Then edit the CONFIG block at the top of the script and the id / title fields in the metadata JSON. Both files are self-contained and have inline comments explaining each knob.

The full single-corpus template is reproduced below so you can read it without leaving this skill — but if you're going to actually push, copy the file from scripts/ rather than re-typing.

`kaggle/rlat-build/build_corpus.py`

Adapt the variables in the CONFIG block to your corpus.

"""Build an rlat knowledge model on a Kaggle T4 in remote-mode.

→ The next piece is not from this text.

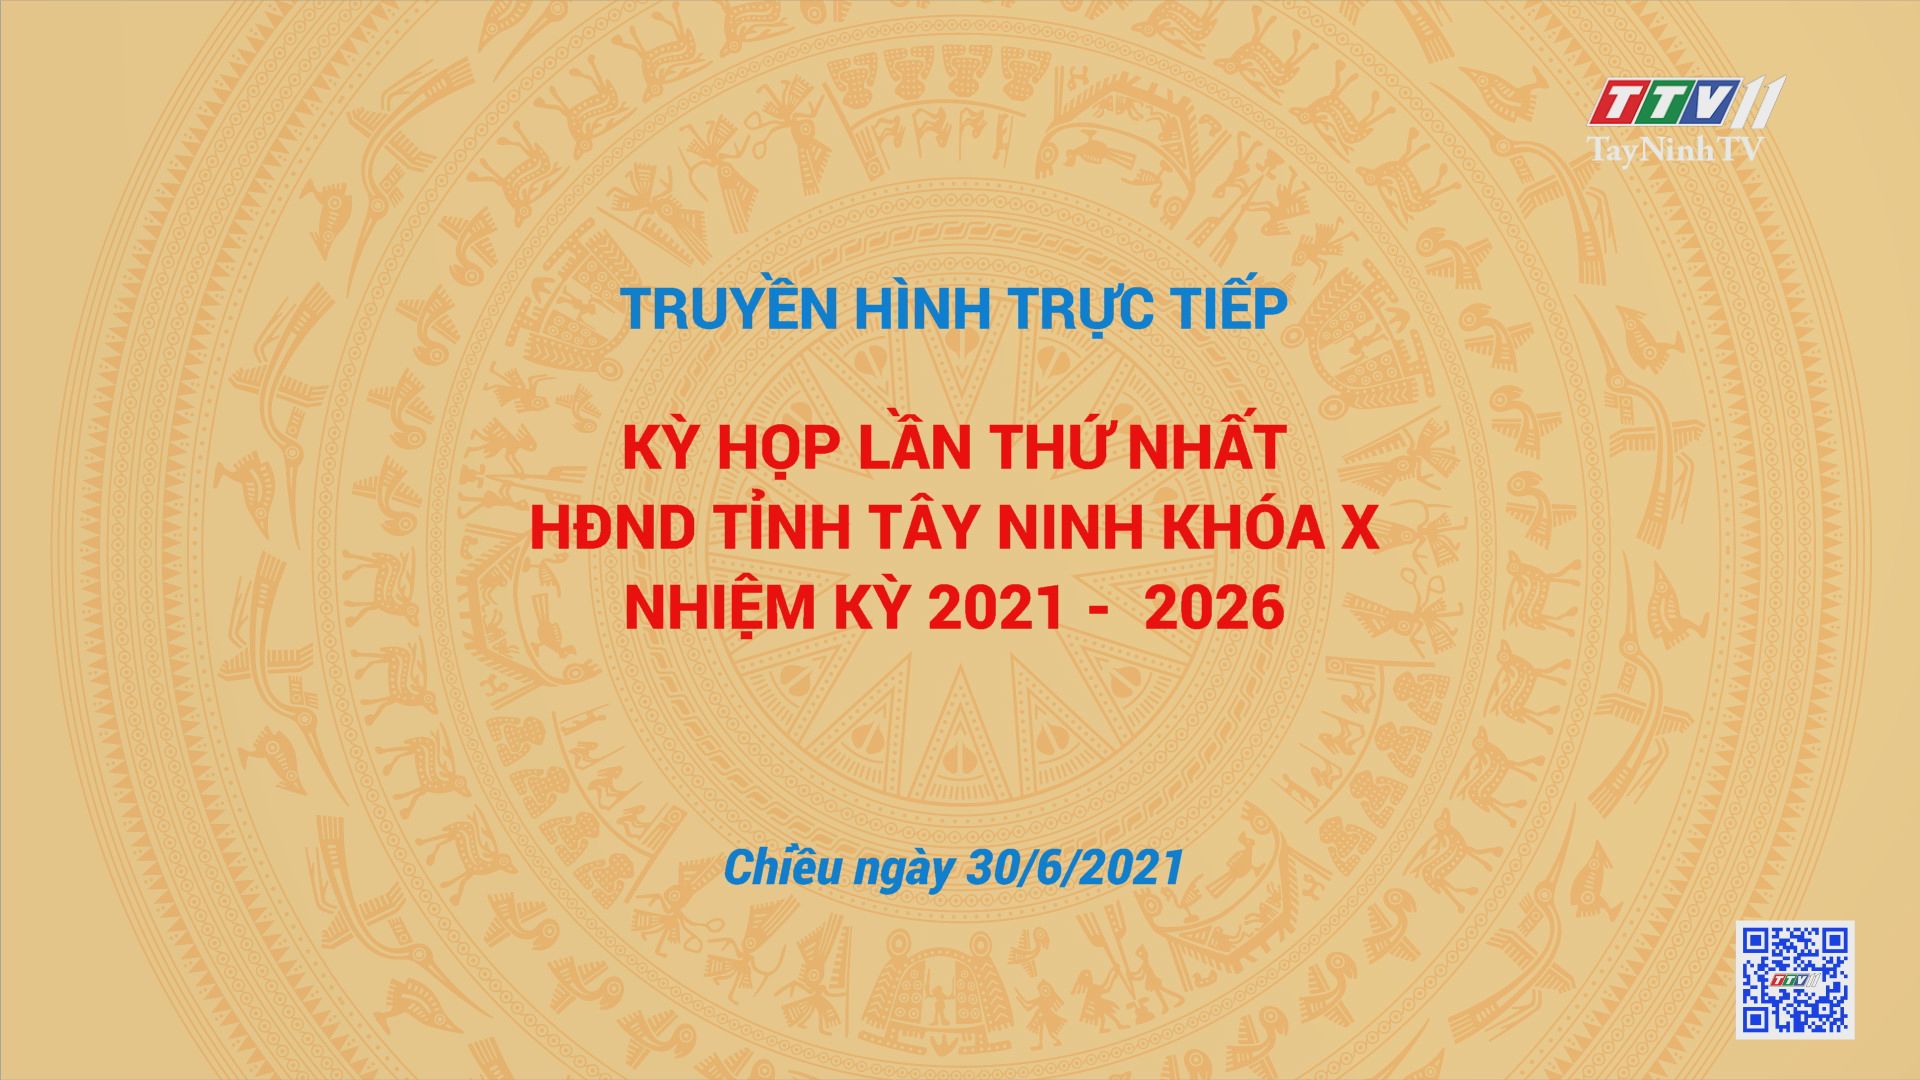 Phần 1 - Kỳ họp lần thứ nhất HĐND tỉnh Tây Ninh, khóa X, nhiệm kỳ 2021-2026 | TayNinhTV

Writes /kaggle/working/<name>.rlat as soon as the build finishes; the
file ships out at COMPLETE / ERROR.
"""
from __future__ import annotations
import json, shutil, subprocess, sys, time, traceback
from pathlib import Path

# ── Config: adapt to your corpus ────────────────────────────────────
CONFIG = {
    "name": "my-docs",                          # output: <name>.rlat
    "github": "owner/repo",                     # public GitHub repo
    "branch": "main",                           # branch to clone
    "scope": "docs",                            # subdir inside the repo to index
}
# ────────────────────────────────────────────────────────────────────

WORK = Path("/kaggle/working")
WORK.mkdir(exist_ok=True, parents=True)
SRC = WORK / "_src"
SRC.mkdir(exist_ok=True, parents=True)


def shell(cmd, log=None):
    print(f"$ {' '.join(cmd)}", flush=True)
    if log is None:
        return subprocess.run(cmd, check=True)
    with open(log, "ab") as f:
        f.write(f"\n$ {' '.join(cmd)}\n".encode())
        f.flush()
        proc = subprocess.run(cmd, stdout=subprocess.PIPE,
                              stderr=subprocess.STDOUT, check=False)
        f.write(proc.stdout)
    sys.stdout.write(proc.stdout.decode("utf-8", errors="replace"))
    sys.stdout.flush()
    if proc.returncode != 0:
        raise subprocess.CalledProcessError(proc.returncode, cmd)
    return proc


def main() -> int:
    # 1. Install rlat with the GPU build extras AND the ANN extras.
    #    `[ann]` pulls faiss-cpu, which rlat needs for HNSW above ~5000
    #    passages. Forgetting it lets the encode finish then crashes with
    #    "RuntimeError: faiss is not installed".
    shell([sys.executable, "-m", "pip", "install", "--quiet",
           "rlat[build,ann]"])
    shell(["rlat", "install-encoder"])

    # 2. Sanity-print: rlat version, encoder + pinned revision, CUDA presence.
    #    Failing these early saves a 30-minute encode against a broken env.
    shell([sys.executable, "-c",
           "import resonance_lattice as rl; print('rlat', rl.__version__);"
           "from resonance_lattice.install.encoder import MODEL_ID, PINNED_REVISION;"
           "print('encoder', MODEL_ID, '@', PINNED_REVISION);"
           "import torch; print('cuda:', torch.cuda.is_available());"
           "print('device:', torch.cuda.get_device_name(0) if torch.cuda.is_available() else 'CPU')"])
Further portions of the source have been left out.